11 de outubro de 2017

A Web, que todos conhecemos e usamos, precisa ser livre e aberta. Em um texto anterior, já falamos sobre a importância de padrões para que a Web fique dentro desses princípios. Os padrões ajudam a assegurar que o código que roda na Web é compatível com os protocolos e tecnologias-base e que o conteúdo apresentado seguirá tais padrões.
O que seria da Web, por exemplo, sem o HTML? Sigla para HyperText Markup Language, essa linguagem de marcação é o núcleo de uma Web aberta, pois compõe as páginas da Web e é o alicerce de todos os websites.
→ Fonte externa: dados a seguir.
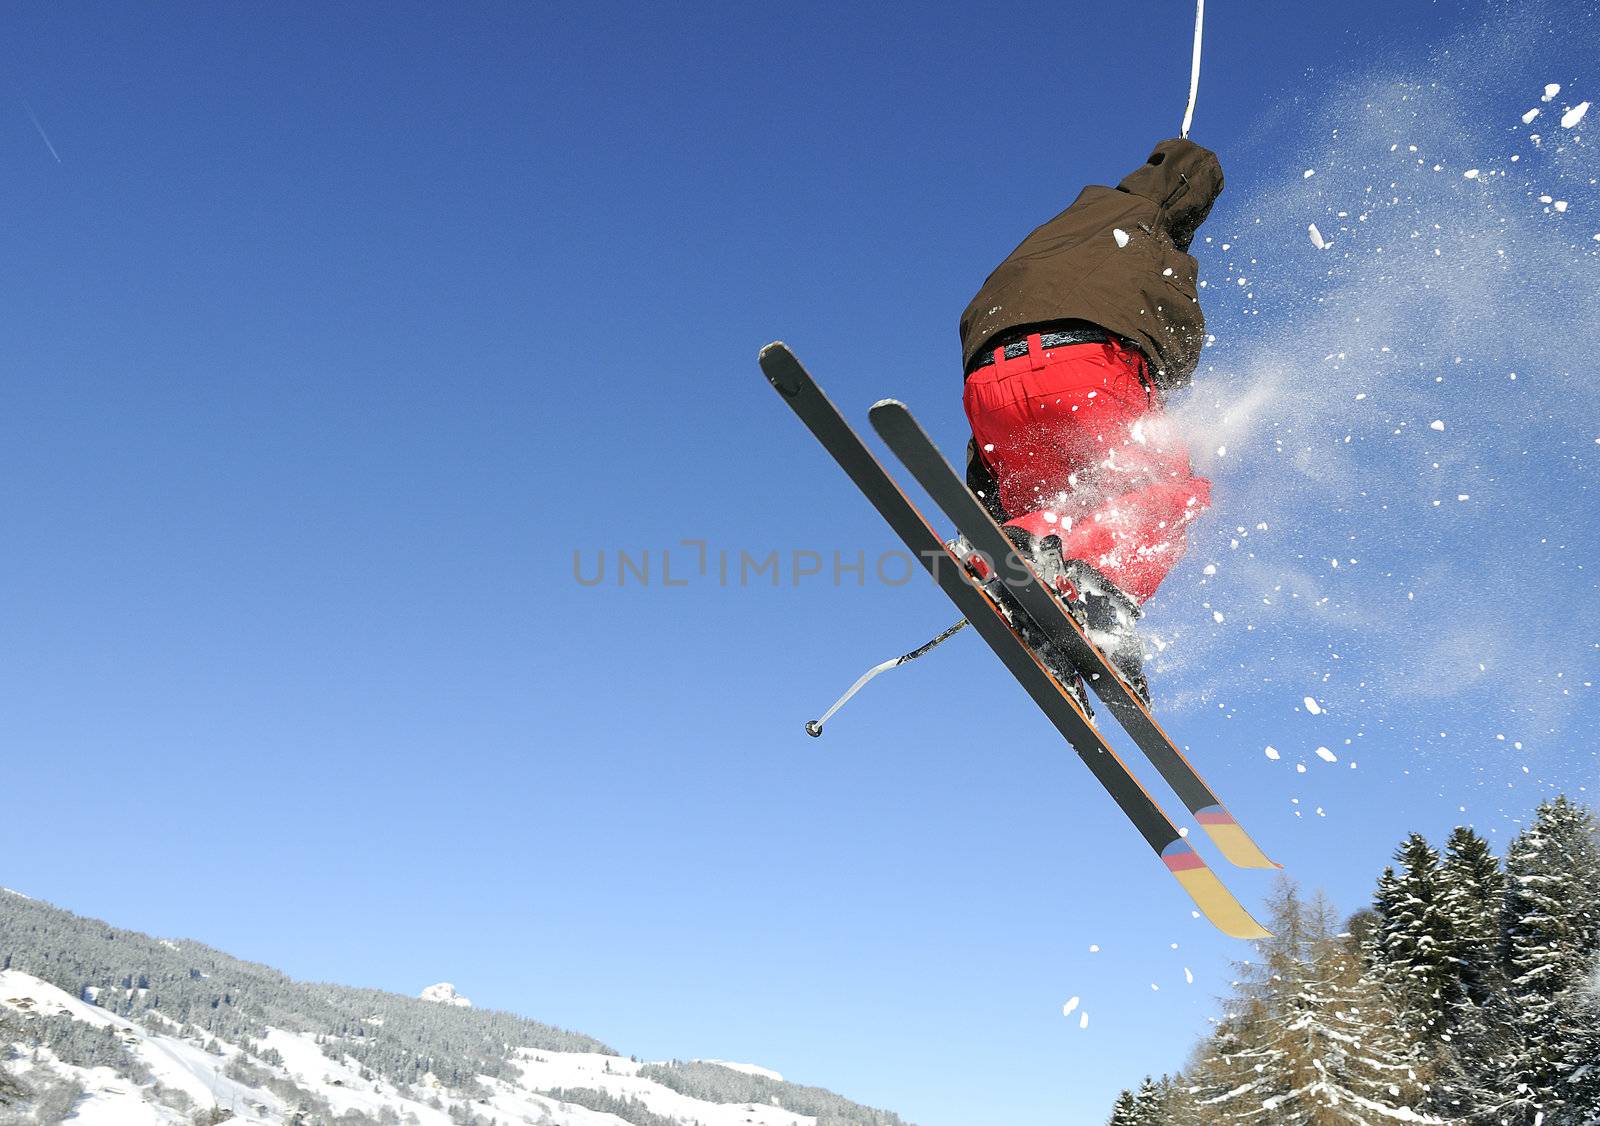 Jumping skier by ventdusud
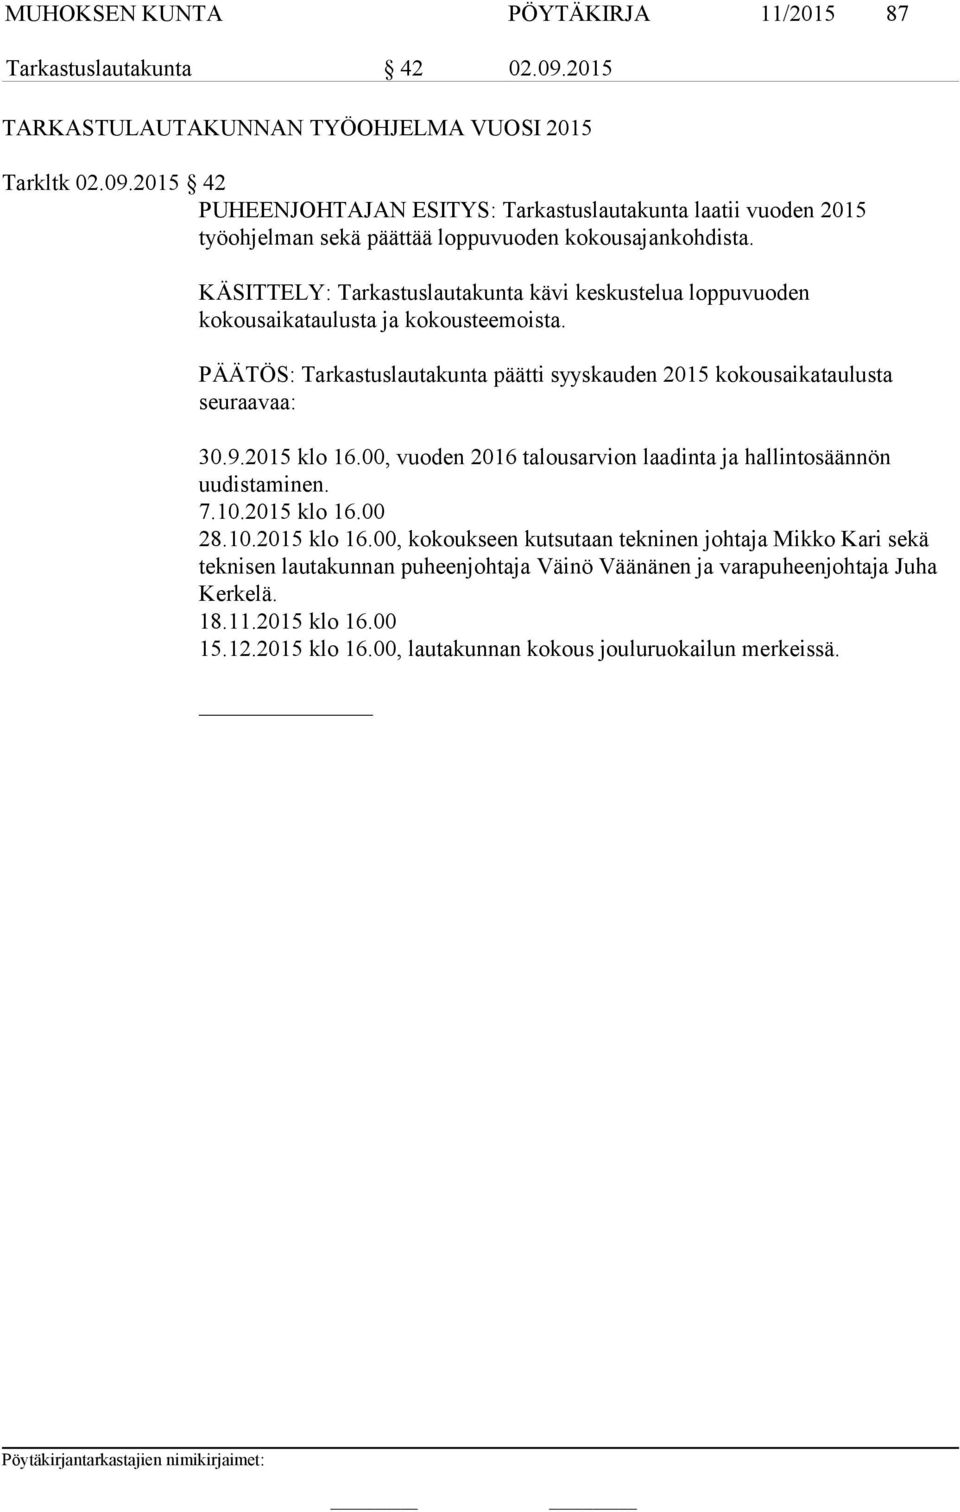 00, vuoden 2016 talousarvion laadinta ja hallintosäännön uudistaminen. 7.10.2015 klo 16.

Junto ao HTML, o CSS é a camada de estilo, para “dar cara” ao site, como adicionar cores, espaçamento e personalizar as fontes e outros elementos.
Em 2014, o W3C publicou as especificações completas do HTML5, quando ele passou a ser oficialmente uma recomendação. Foi um grande marco para a plataforma da Web aberta. A principal questão em jogo aqui é que o HTML5 consegue entregar uma experiência rica para uma variedade de dispositivos, sendo amplamente suportado em navegadores e outras aplicações.
Até sua ampla adoção, porém, houve um longo caminho. Você deve lembrar do Adobe Flash (e pode até usá-lo ainda), plataforma de criar aplicações ricas e jogos muito presente na Web até hoje, mas que dominava o espaço há alguns anos. O Flash apareceu em uma época onde o HTML e o JavaScript ainda eram limitados, mas havia uma demanda na Web de colocar um conteúdo mais rico dentro do navegador.
É só lembrar dos sites populares que rodavam Flash alguns anos atrás. O YouTube usava Flash, o Facebook só parou de usar Flash em 2015 e uma série de outros sites recorriam à essa solução proprietária da Adobe para exibir jogos e portais interativos.
O problema é que o Flash era pesado e não estava intrínseco a Web, pois o usuário precisava instalar um programa além do navegador para acessar os sites. Ao longo do tempo, foram aparecendo uma série de problemas de segurança no Flash, o que preocupava a comunidade.
Mas o grande “prego no caixão” do Flash, que acelerou sua substituição, foi o HTML5. Uma solução de código aberto, leve, rica, que não precisa de instalação adicional, e que se integra muito bem com outras tecnologias da Web aberta, como o CSS e Javascript. Além disso, o HTML5 se integra muito bem nos dispositivos móveis, onde era difícil a instalação do Flash (coisa que no iPhone nunca foi possível).
As tecnologias da Web aberta tentam trazer esses mesmos benefícios que o HTML5, substituindo soluções proprietárias com criações de código aberto, pensadas em uma comunidade para assegurar que sua integração e usabilidade sejam prioridade. Para o usuário final, esse tipo de transição traz diversos benefícios; para a Web, é uma evolução ainda mais significativa.